Exercise input →
***

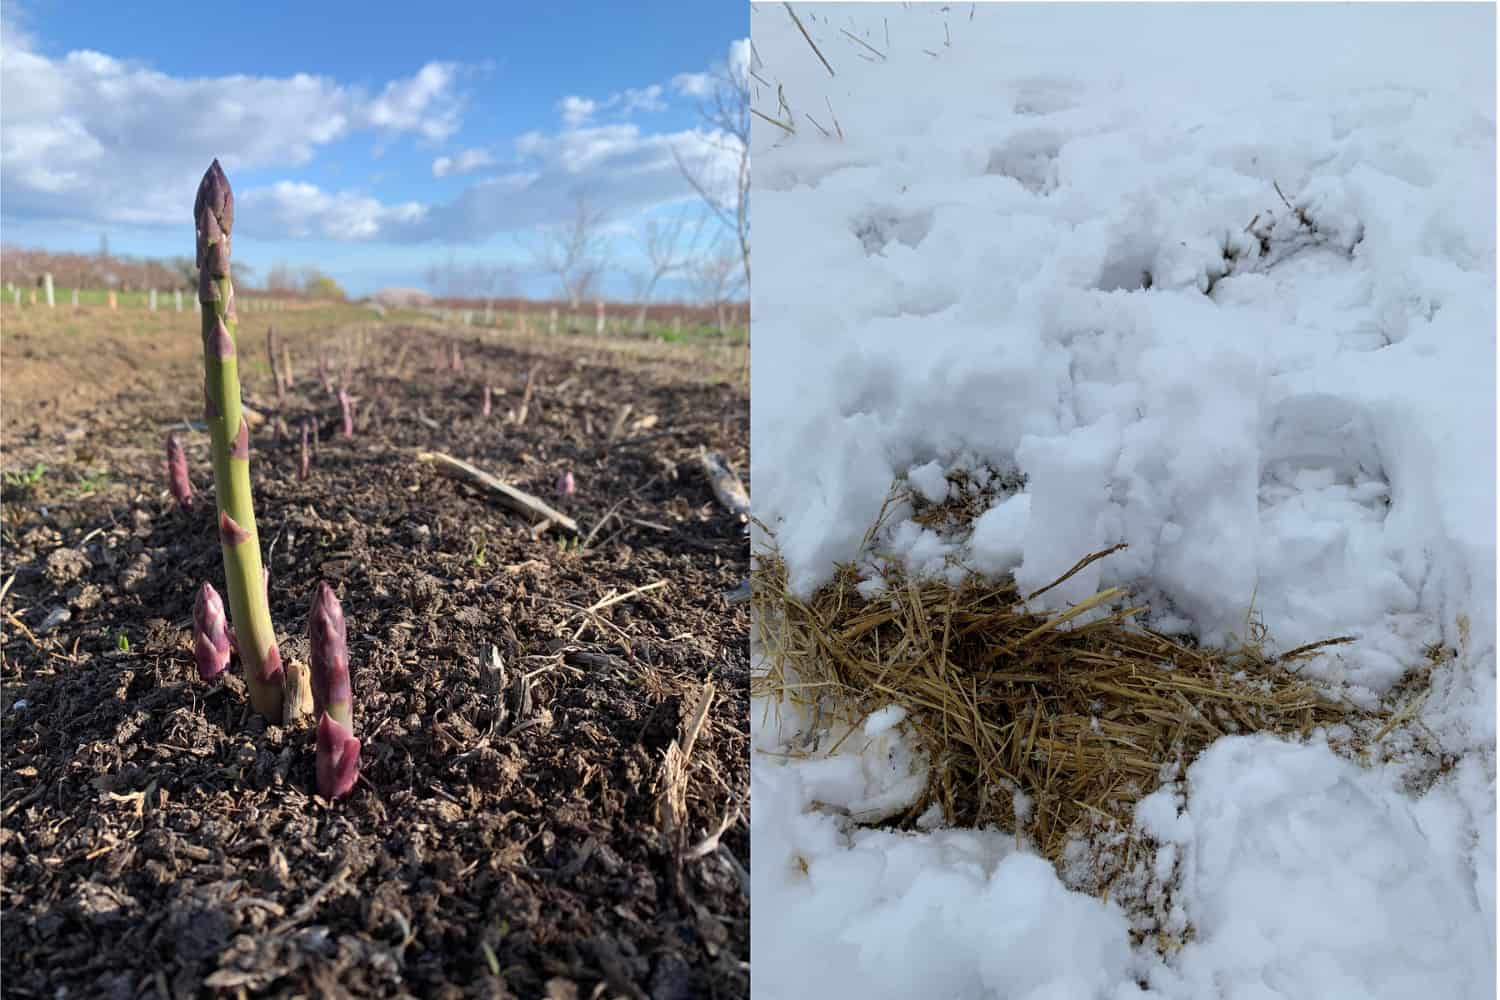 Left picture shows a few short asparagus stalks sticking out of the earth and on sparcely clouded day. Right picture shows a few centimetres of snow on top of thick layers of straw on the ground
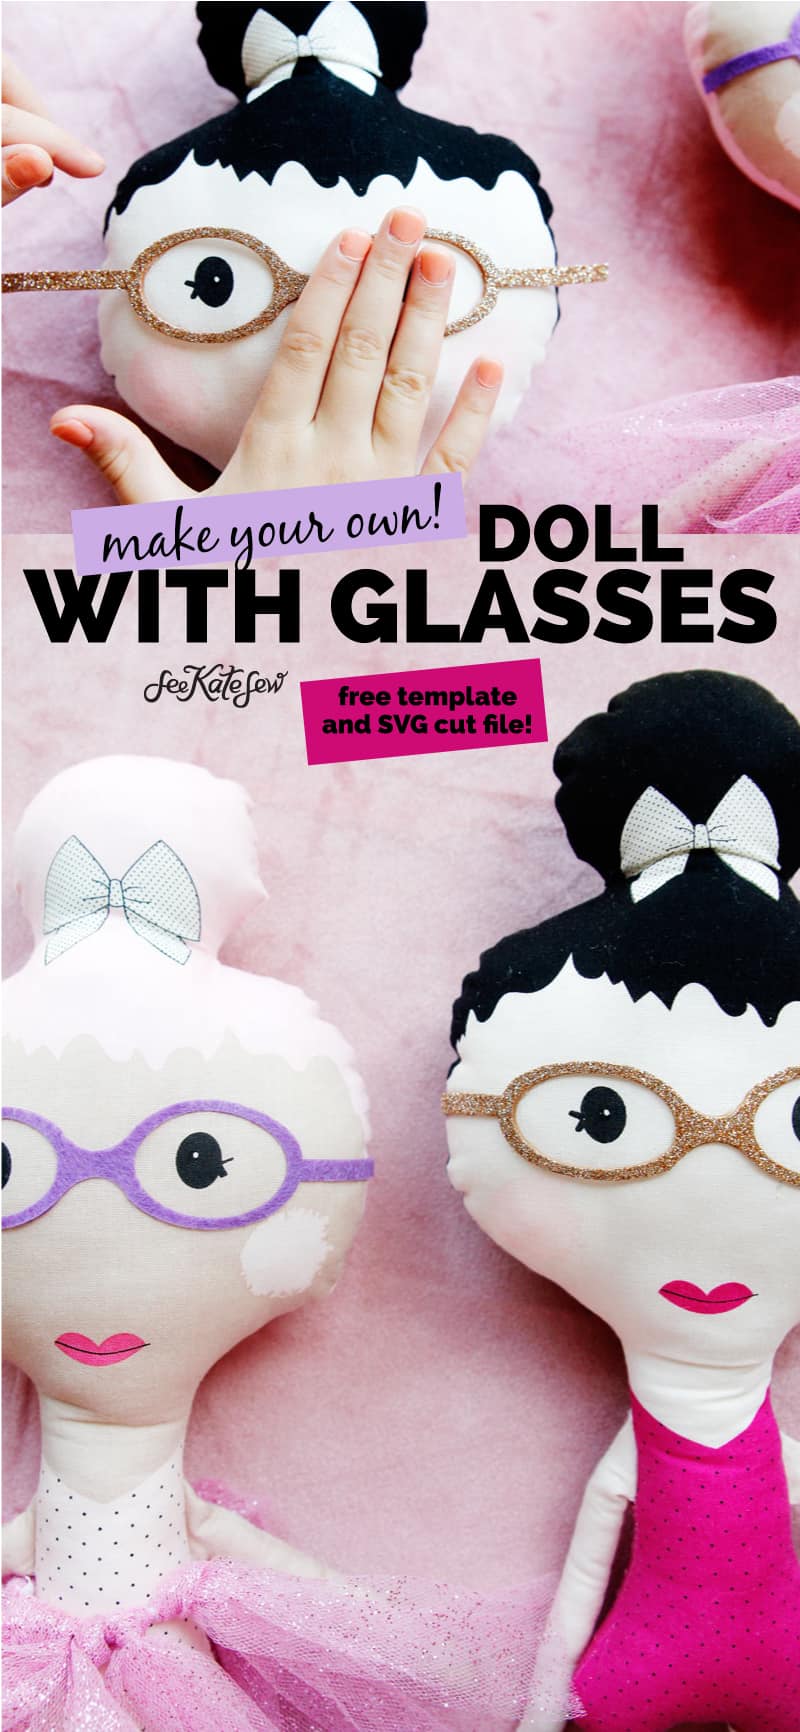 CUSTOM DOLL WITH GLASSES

***

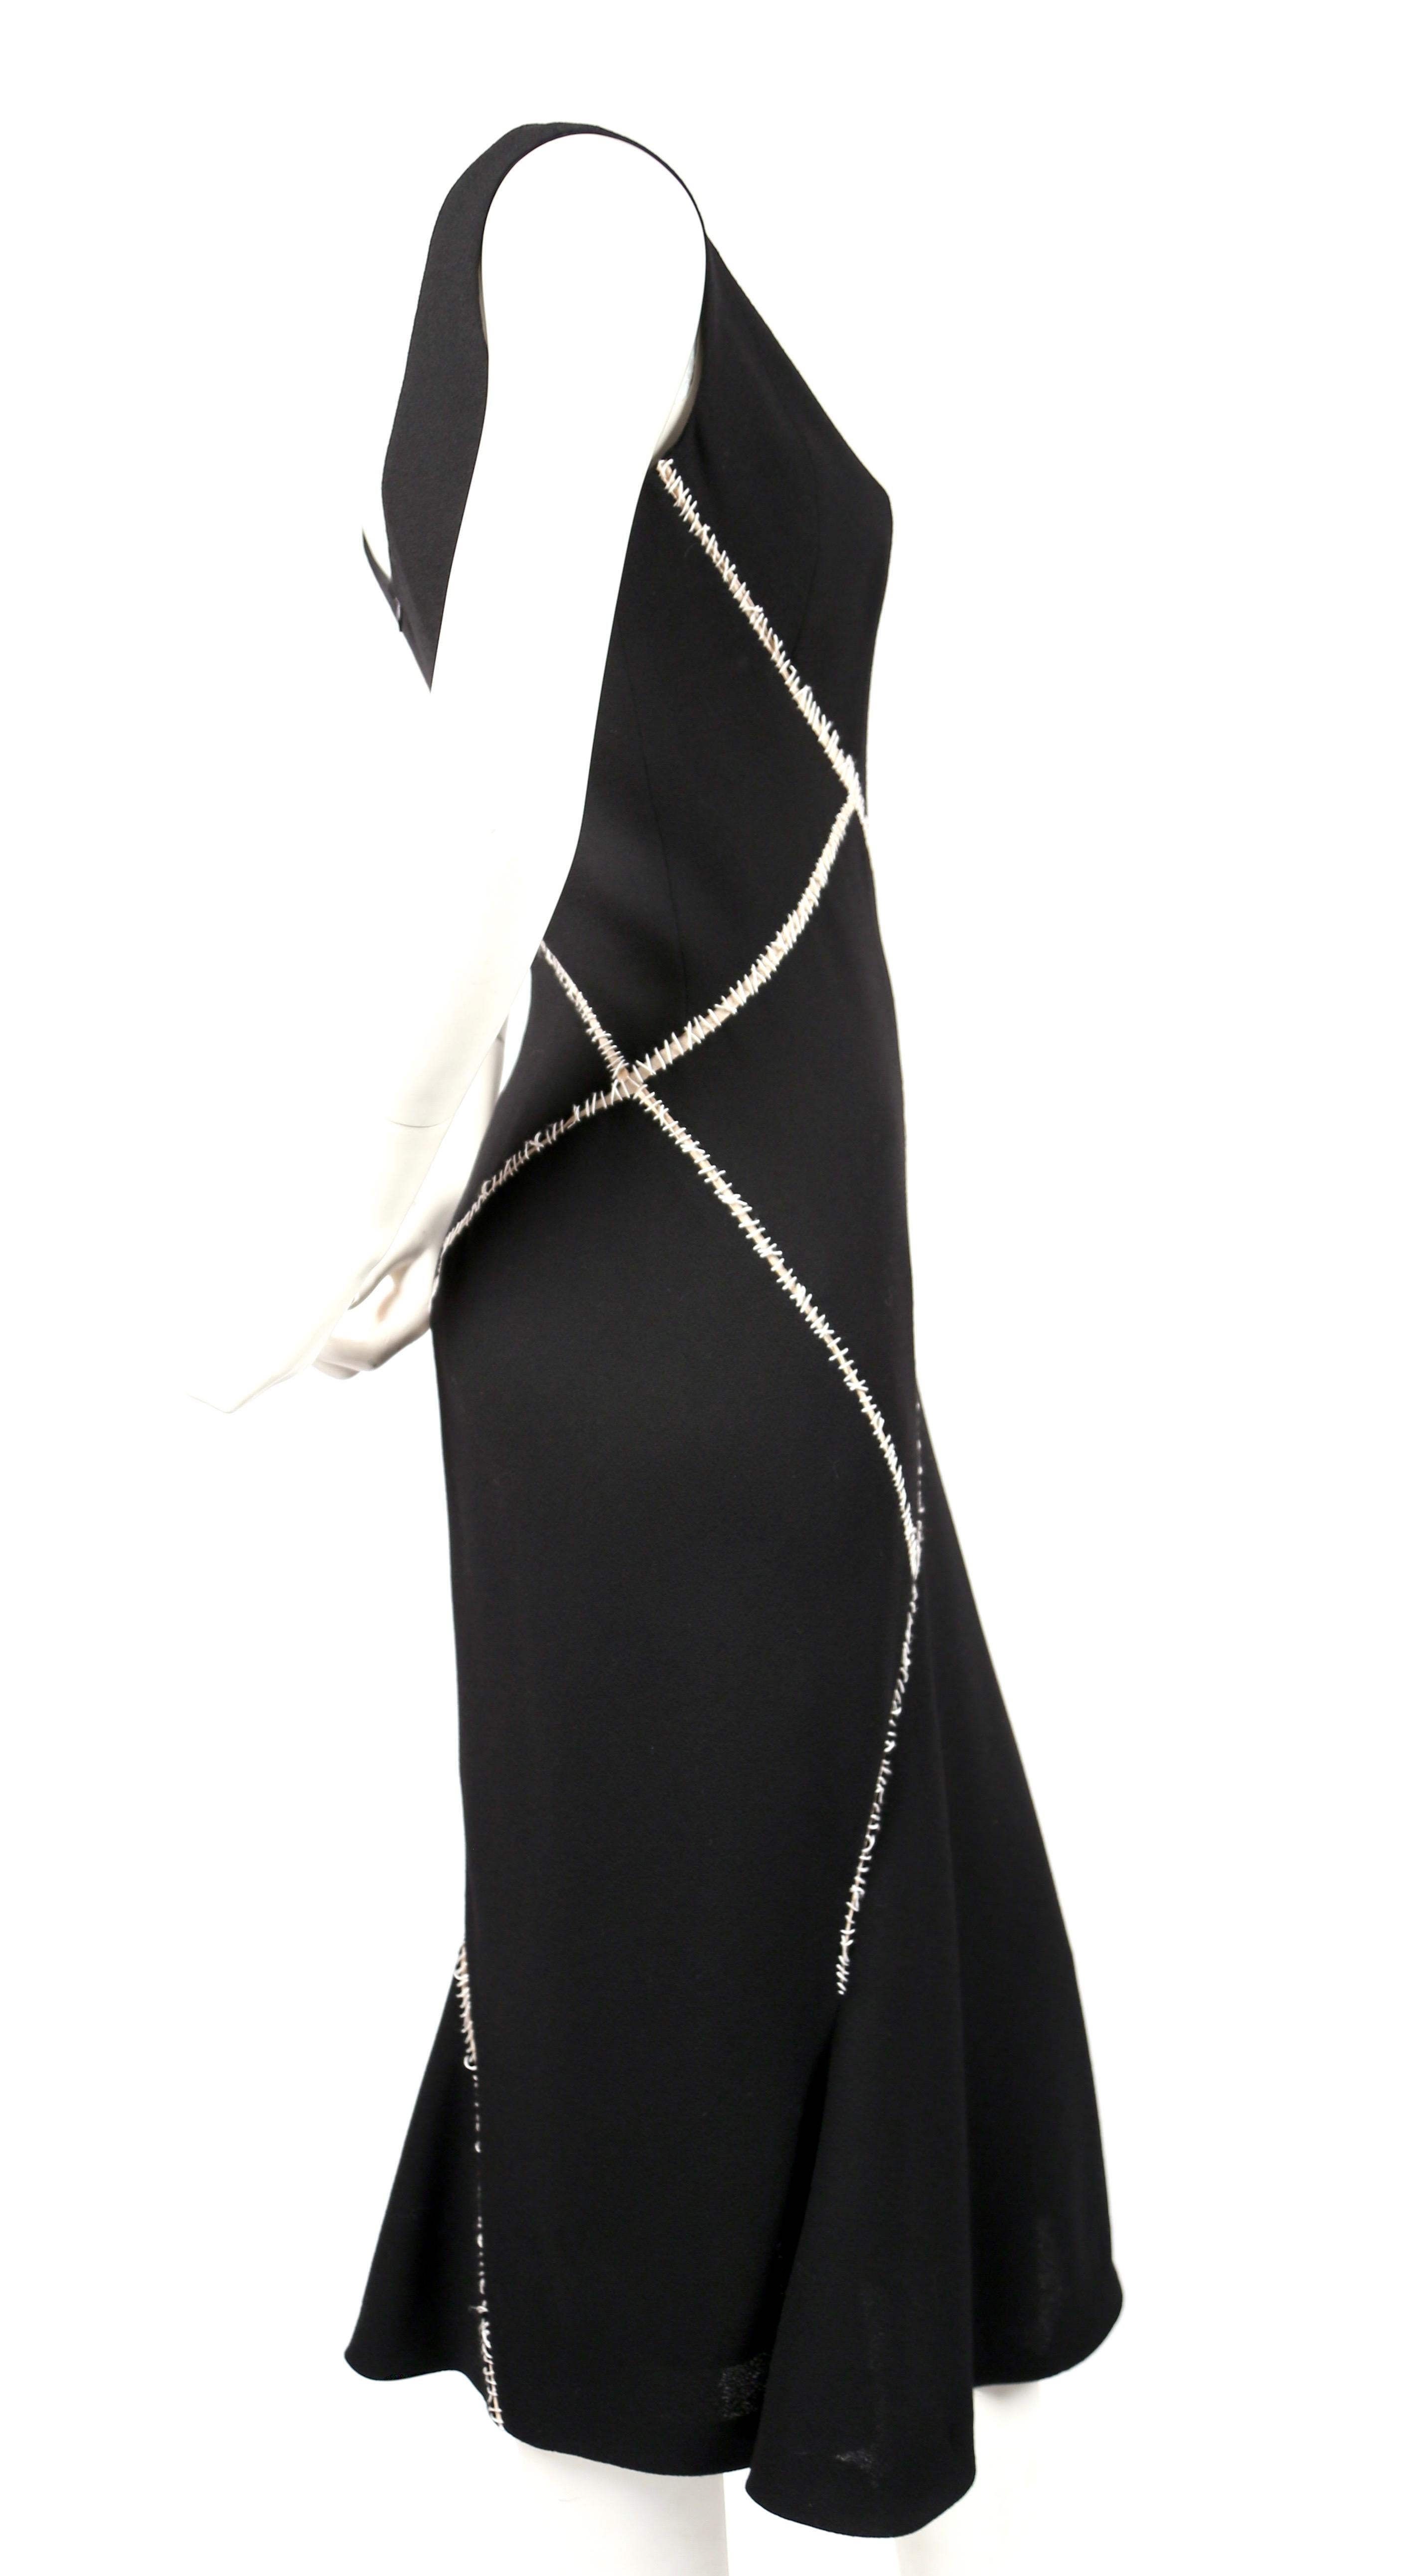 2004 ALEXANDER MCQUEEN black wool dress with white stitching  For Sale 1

***

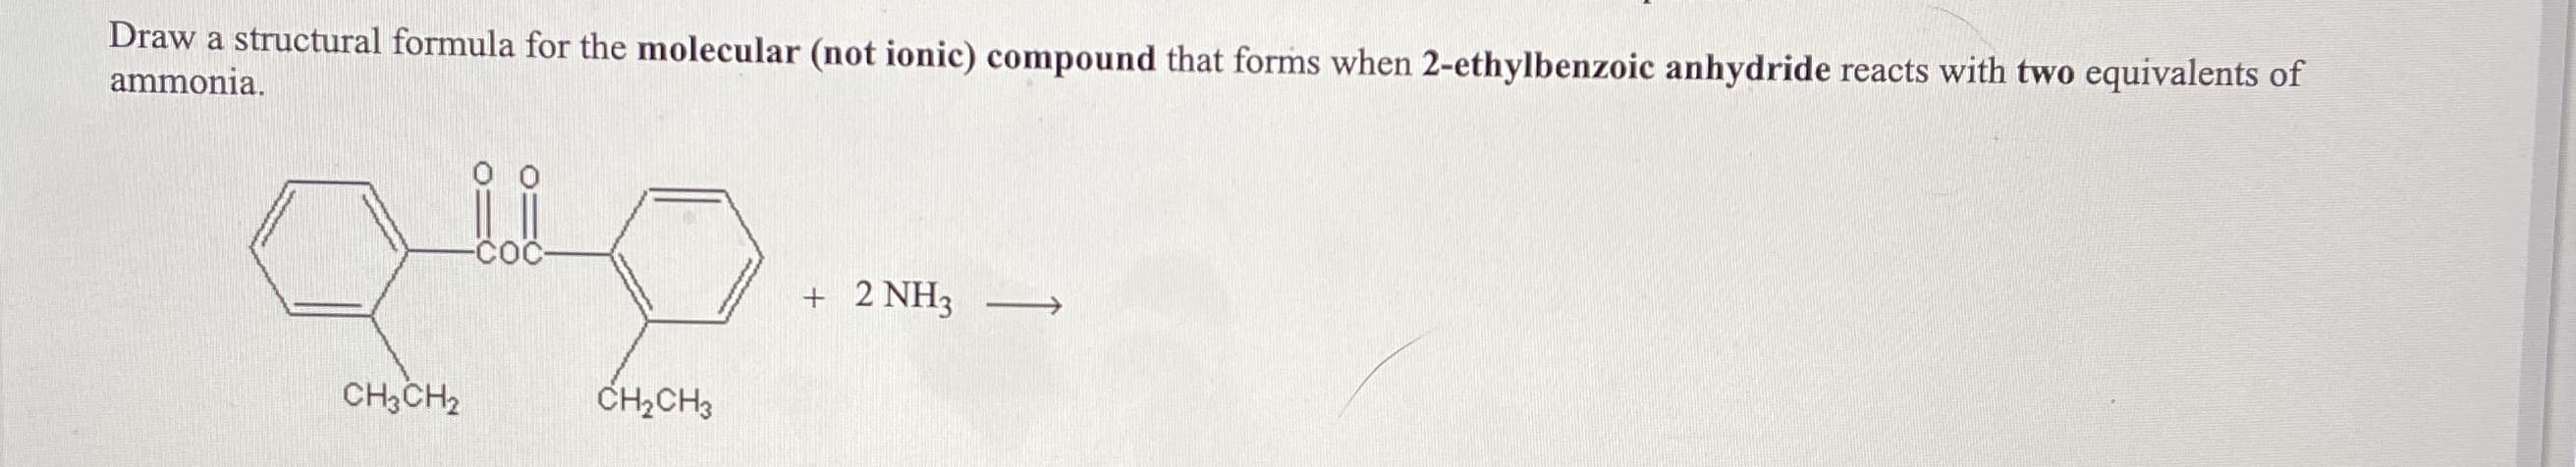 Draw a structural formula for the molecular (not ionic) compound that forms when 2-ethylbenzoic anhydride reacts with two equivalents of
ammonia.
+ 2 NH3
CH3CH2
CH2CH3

***

Requirement →
From the listing above, repeat only the lines between the line containing "Left picture shows" and the line containing "CUSTOM DOLL WITH GLASSES", those two included. Pictures are not part of the copy.

Answer box →
 Left picture shows a few short asparagus stalks sticking out of the earth and on sparcely clouded day. Right picture shows a few centimetres of snow on top of thick layers of straw on the ground
 CUSTOM DOLL WITH GLASSES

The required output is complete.